Dalam pernyataannya, Amrullah mengungkapkan kekhawatirannya terhadap kondisi demokrasi di Banyuwangi yang semakin terancam. “Sudah terlihat jelas adanya indikasi bahwa semua rekomendasi partai politik diborong oleh pihak petahana. Ini tidak baik bagi demokrasi, dan bisa mengganggu kelangsungan kehidupan demokratis di Banyuwangi,” ujarnya dengan tegas.

Ia juga menyoroti besarnya anggaran yang telah dikeluarkan oleh negara, hingga puluhan miliar rupiah untuk penyelenggaraan pemilu, termasuk untuk KPU dan pengamanan, namun hasilnya justru memunculkan calon tunggal yang dianggap membahayakan demokrasi.

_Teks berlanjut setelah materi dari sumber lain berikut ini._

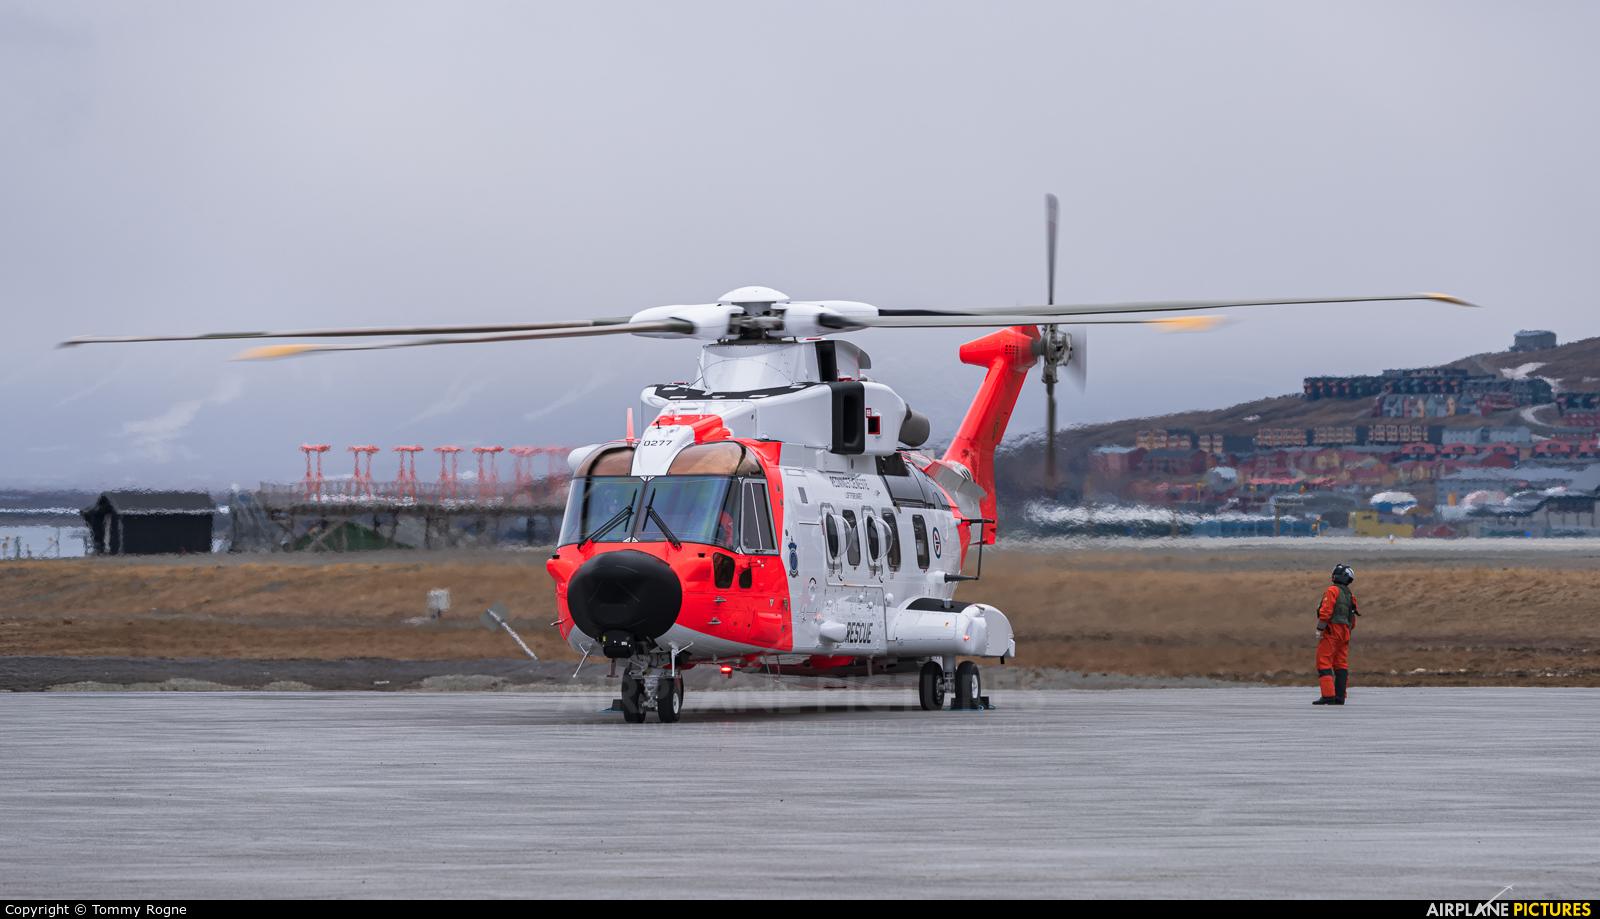 Norway - Royal Norwegian Air Force 0277 aircraft at Svalbard - Longyearbyen

“Demokrasi itu seharusnya mengutamakan pilihan rakyat, bukan kotak kosong. Karena itu, kami memberikan tekanan kepada partai politik di Banyuwangi agar tidak mengatur-atur pemilihan dengan hanya menyisakan kotak kosong sebagai pilihan. Ini bisa membunuh demokrasi dan regenerasi kepemimpinan di Banyuwangi,” tambah Amrullah.
FPD juga menyoroti potensi munculnya tindak pidana korupsi akibat politik transaksional dan dinasti yang mereka yakini akan semakin marak jika fenomena calon tunggal terus terjadi.
“Ketika politik biaya tinggi terjadi, dan ditambah dengan politik dinasti, maka akan banyak dugaan korupsi yang terungkap dan merusak sistem yang ada. Ini tidak hanya merugikan keuangan negara, tetapi juga merusak tatanan demokrasi,” tegasnya.

Sebagai bentuk perlawanan, FPD merencanakan aksi demo lanjutan pada tanggal 27, 28, dan 29 Avustus 2024 dengan mendarangi KPU Banyuwangi jika kotak kosong tetap dipaksakan dalam pemilihan.
“Kami akan mendirikan pos pemenangan kotak kosong di seluruh kelurahan dan desa di Kabupaten Banyuwangi. Ini adalah bentuk kepedulian kami untuk menegakkan demokrasi yang seharusnya berjalan dengan baik,” tutup Amrullah, menegaskan bahwa perjuangan mereka adalah untuk memastikan demokrasi di Banyuwangi berjalan.